We slept six in a tent. And right here I might attempt to describe the class of young men I found myself with. Two things surprised me: that out of the whole crowd, I had known not one in New York, and that almost without exception they were of a very low order of culture. Such low ideals. Of course many were plainly ignorant and underprivileged, while others were really criminal. They cursed with every breath, stole everything they could lay hands on, and fought over their food, or over nothing at all.
The following day, which was a Wednesday, we got our first clothes, a complete outfit. They were Army clothes, and fitted as well as could be expected. That afternoon we worked. I was on a truck hauling lumber. The next two days we sampled several different kinds of work, none of it very hard. We also heard a very edifying health lecture, chiefly on venereal diseases.
Food at Camp Dix was poor in quality and variety, and barely sufficient in quantity. A typical breakfast: boiled eggs, corn flakes, milk, bread, coffee, butter. Lunch: frankfurters, sauerkraut, potatoes, gravy, bread, apple-butter, coffee. Dinner: bologna, applesauce, potato salad, bread, coffee, cake.
We were taken to permanent camp on a site rich in Colonial and Revolutionary history, in the upper South. This camp was a dream compared with Camp Dix. There plenty to eat, and we slept in barracks instead of tents. An excellent recreation hall, playground, and other facilities.
I am still in this camp. At the "rec" we have a radio, a piano, a store called a "canteen," a rack of the leading New York papers, white and colored, as well as some from elsewhere. There is a little library with a variety of books and magazines. All sports are encouraged. We have a baseball team, boxing squad etc. An orchestra has been formed, and classes in various arts and crafts.
Colored People Unfriendly
During the first week we did no work outside camp, but only hiked, drilled, and exercised. Since then we have worked five days a week, eight hours a day. Our bosses are local men, southerners, but on the whole I have found nothing to complain of. The work varies, but is always healthy, outdoor labor. As the saying goes, it's a great life, if only you don't weaken!

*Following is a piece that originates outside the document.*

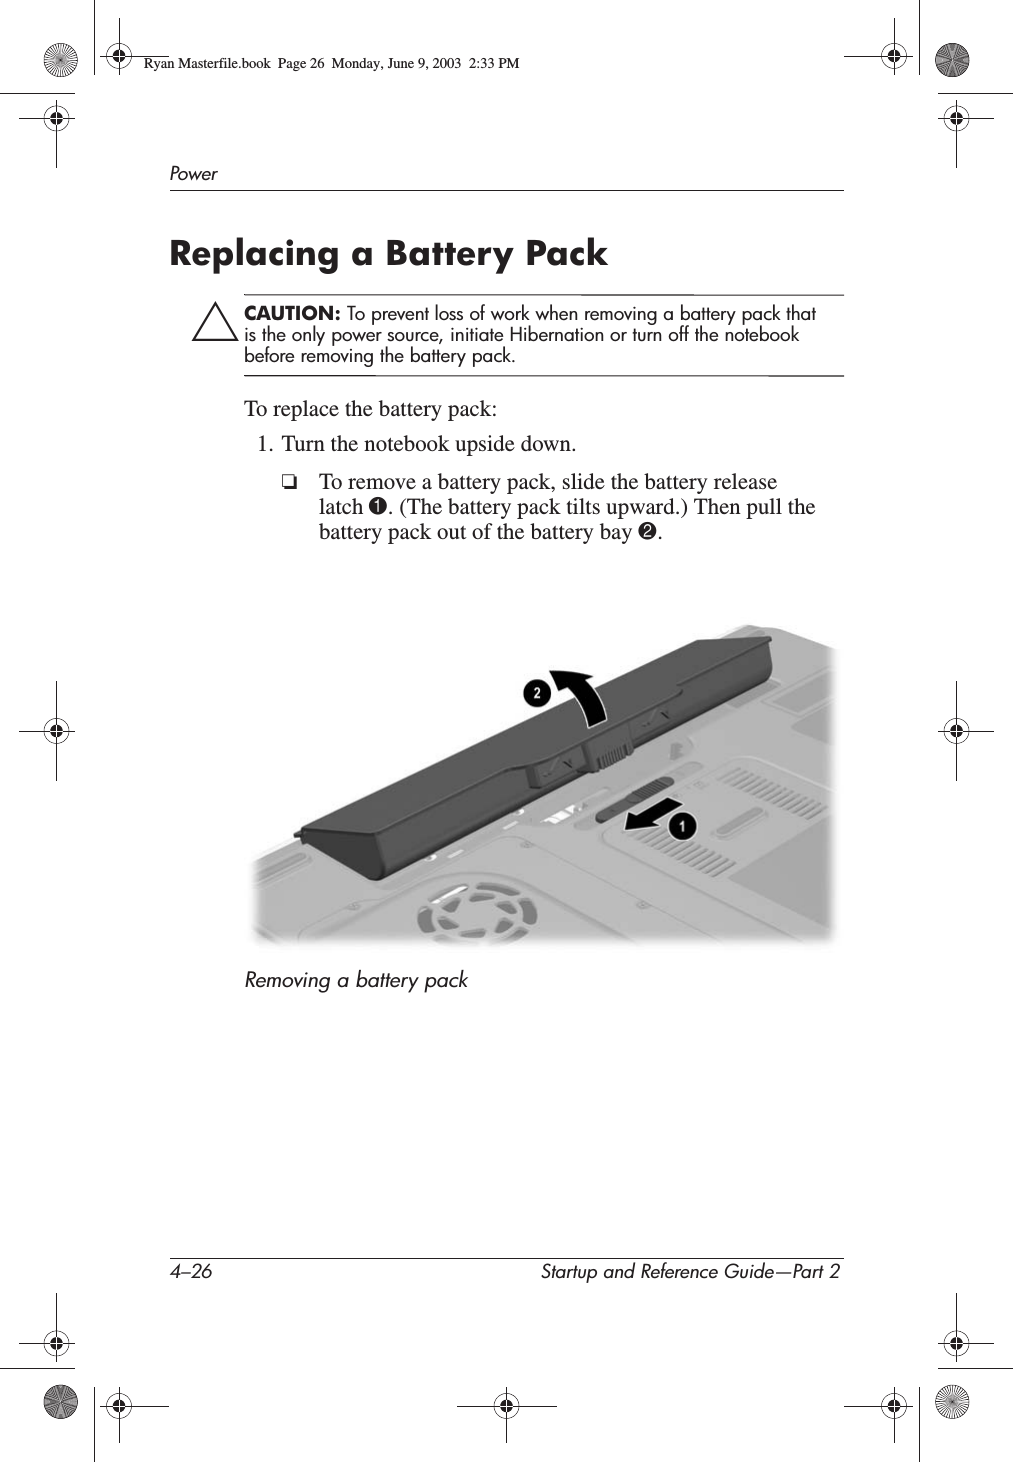 4–26 Startup and Reference Guide—Part 2PowerReplacing a Battery PackÄCAUTION: To prevent loss of work when removing a battery pack that is the only power source, initiate Hibernation or turn off the notebook before removing the battery pack.To replace the battery pack:1. Turn the notebook upside down.❏To remove a battery pack, slide the battery release latch 1. (The battery pack tilts upward.) Then pull the battery pack out of the battery bay 2.Removing a battery packRyan Masterfile.book  Page 26  Monday, June 9, 2003  2:33 PM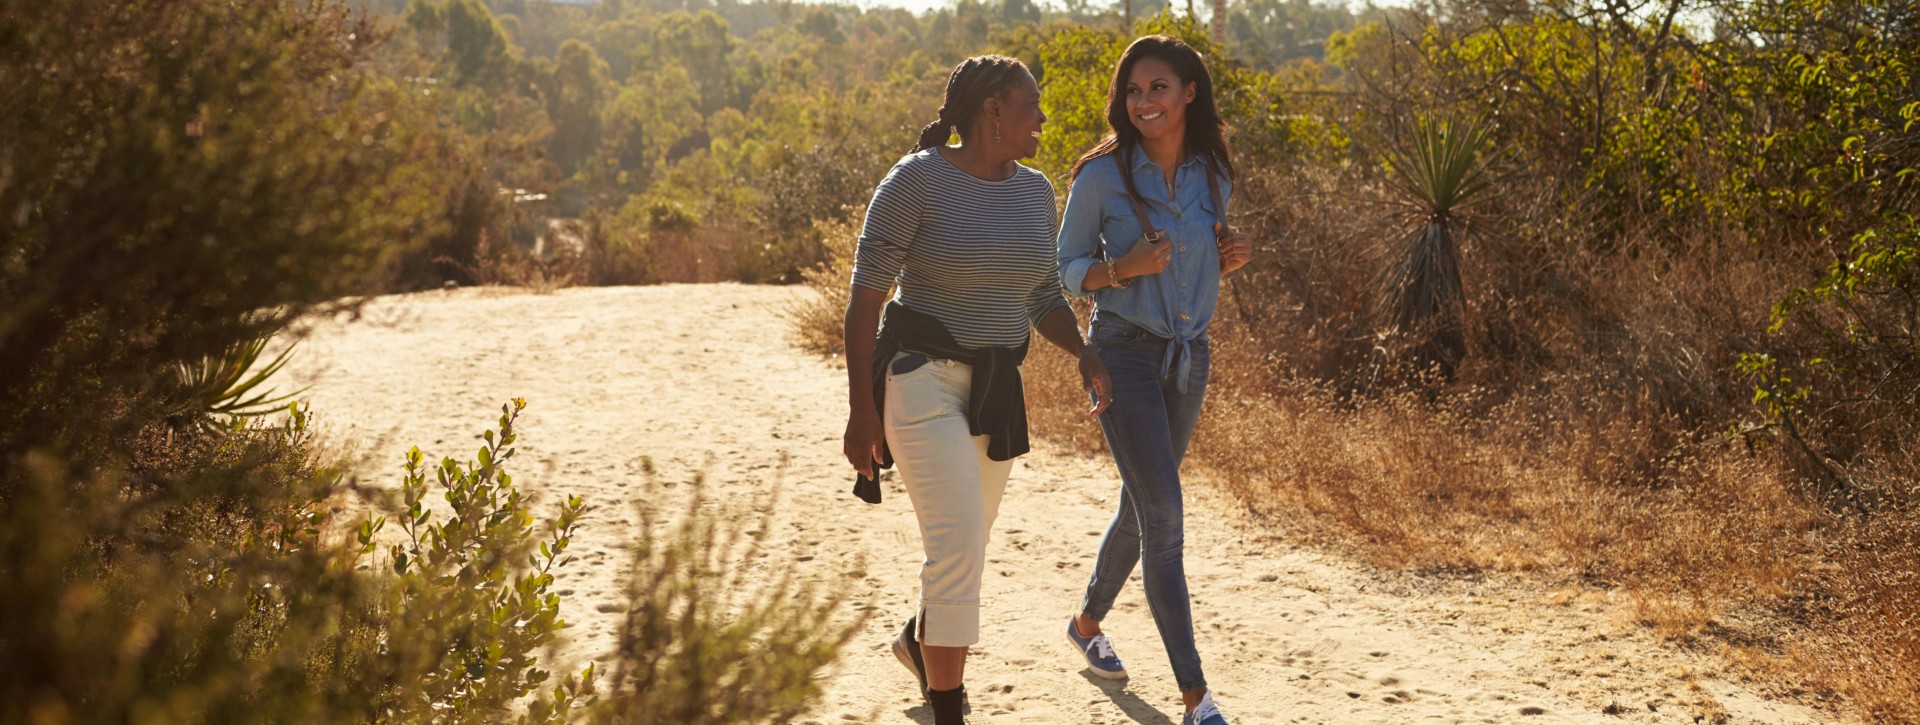 Mother And Adult Daughter Hiking Outdoors In Countryside

There are colored people living on farms on all sides of this camp. But they are not very friendly toward CCC boys in general, and toward the northerners in particular. (There are four companies here: two of southerners, one of veterans, and our own.) So that, socially, the place is "beat."
Our officers, who, of course, are white, are a captain, a first lieutenant, a doctor, and several sergeants. Our athletic director is colored, as is our vocational teacher. Discipline is maintained by imposing extra duty and fines on offenders. The fines are taken only from the $5 a month which the men receive directly.
On the whole, I was gratified rather than disappointed with the CCC. I had expected the worst. Of course it reflects, to some extent, all the practices and prejudices of the U. S. Army. But as a job and an experience, for a man who has no work, I can heartily recommend it.